Activity - Look for the line containing "10 Top Tourist Attractions in Belize" and the line containing "My Kids Have Paws - classic tee" in the entries below. Copy those two and all lines between them exactly, leaving out pictures.

Material to process -
____________

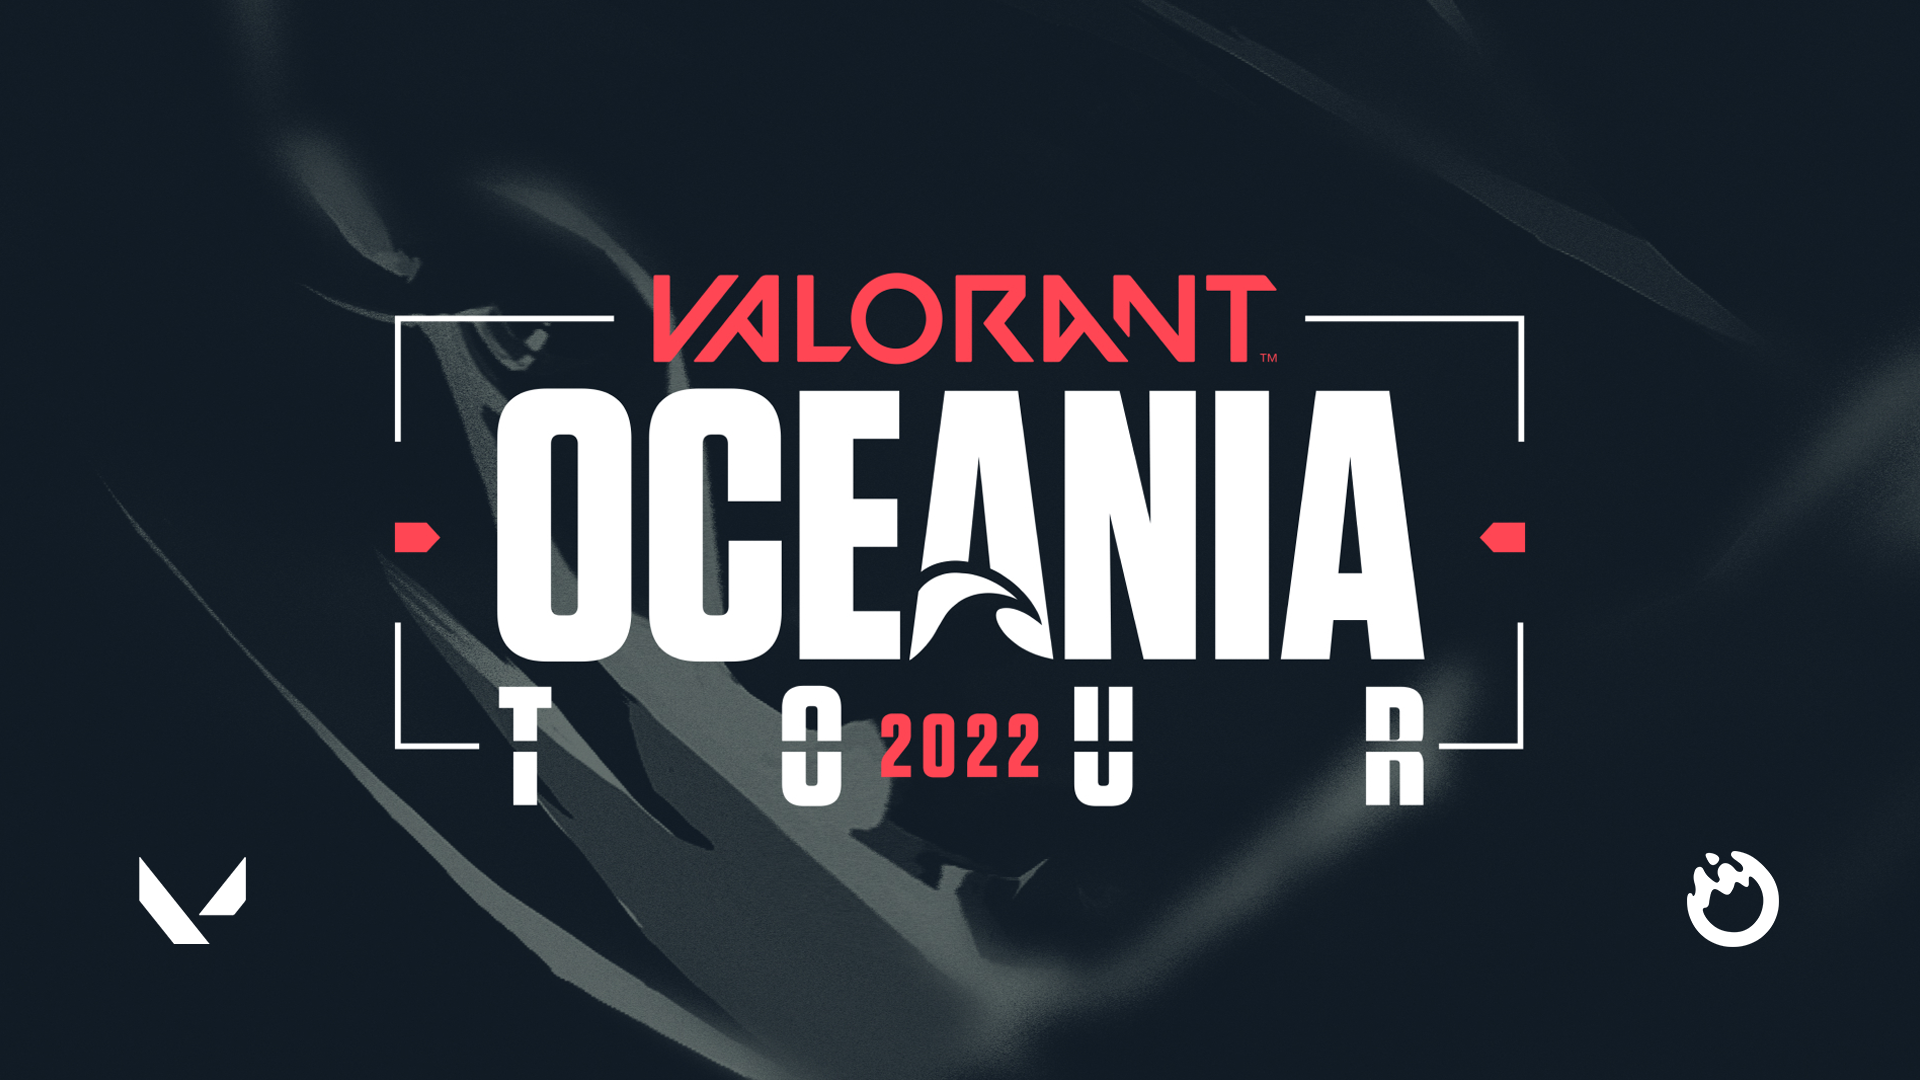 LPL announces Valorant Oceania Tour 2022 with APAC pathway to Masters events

____________

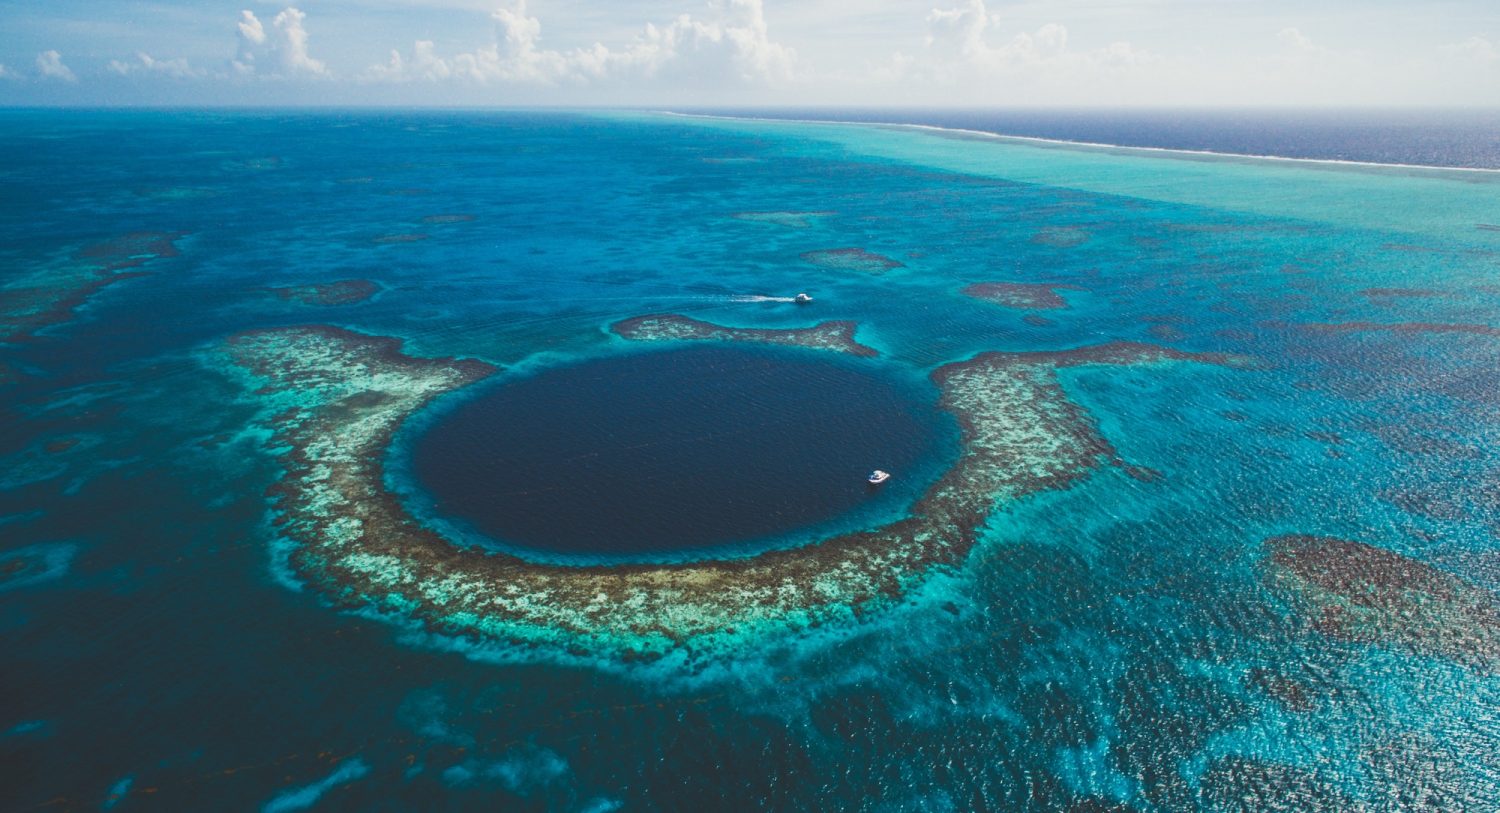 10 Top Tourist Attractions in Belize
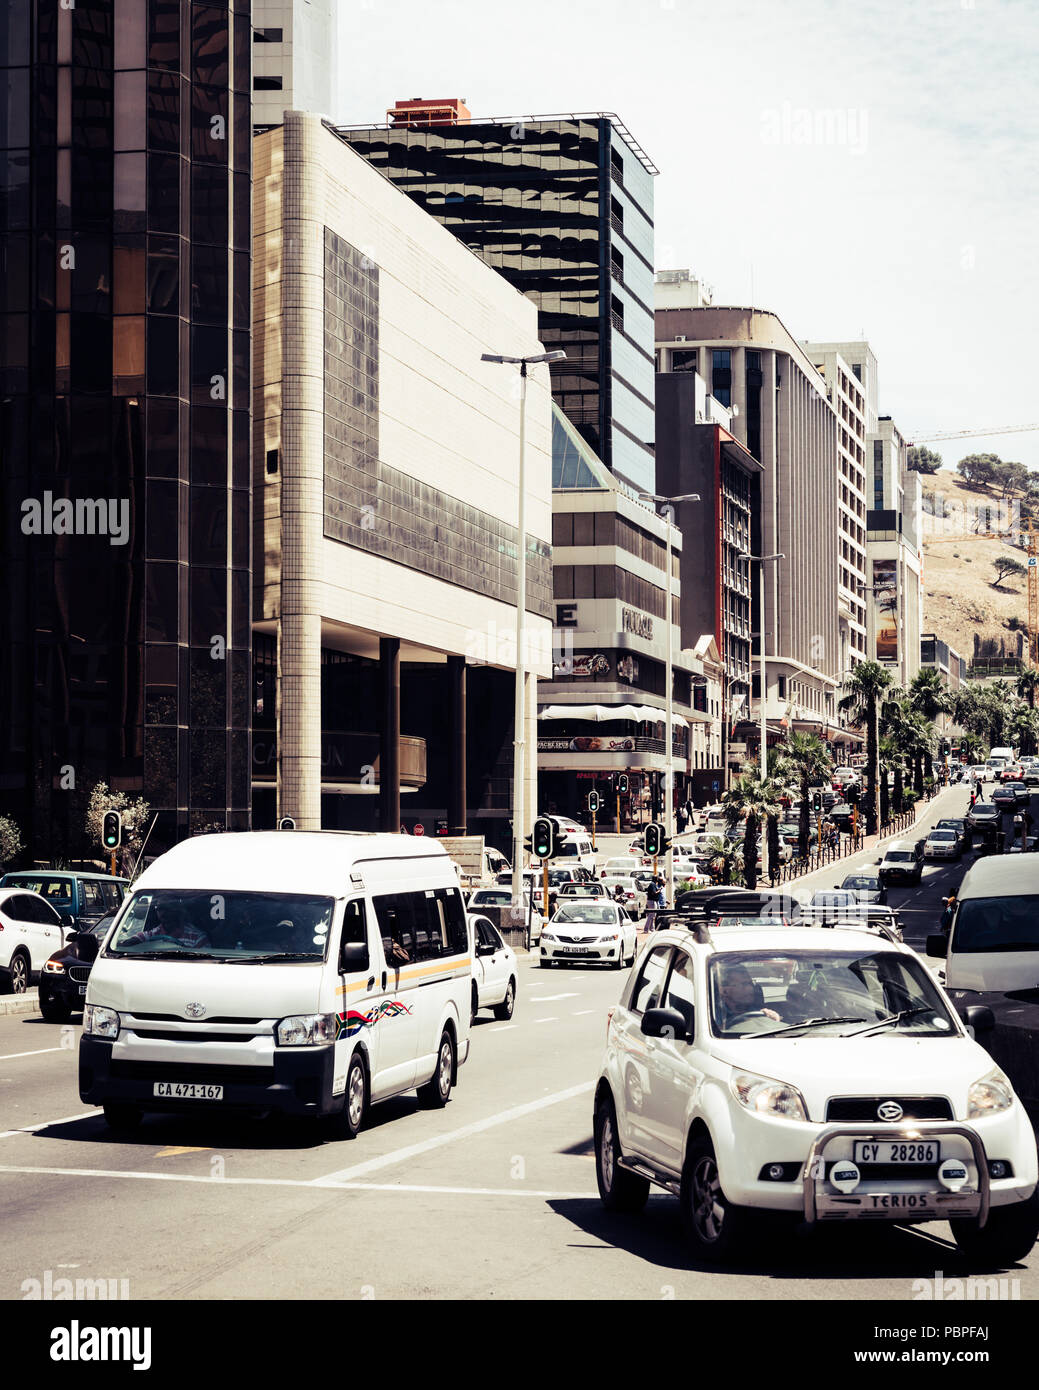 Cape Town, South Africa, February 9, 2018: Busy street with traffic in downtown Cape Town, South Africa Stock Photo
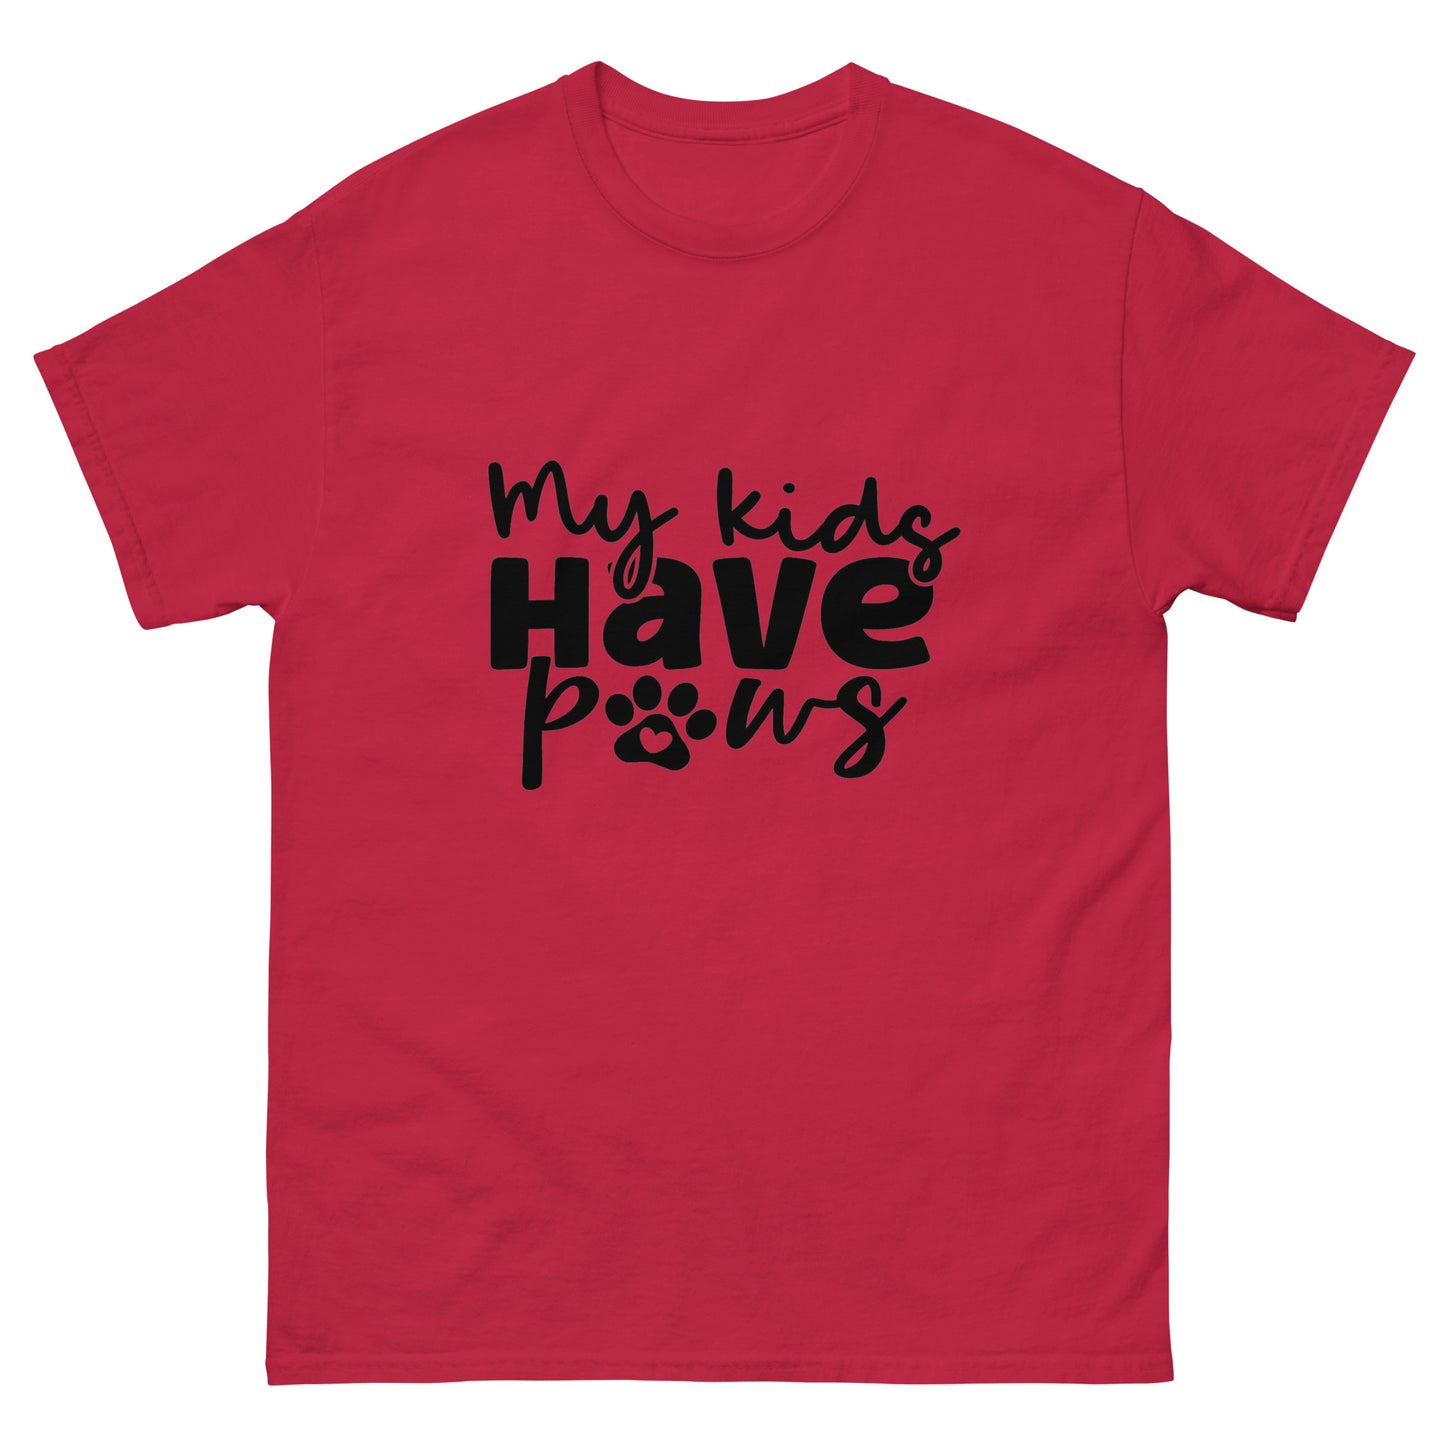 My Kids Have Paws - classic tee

____________

Response to the task -
 10 Top Tourist Attractions in Belize
 Cape Town, South Africa, February 9, 2018: Busy street with traffic in downtown Cape Town, South Africa Stock Photo
 My Kids Have Paws - classic tee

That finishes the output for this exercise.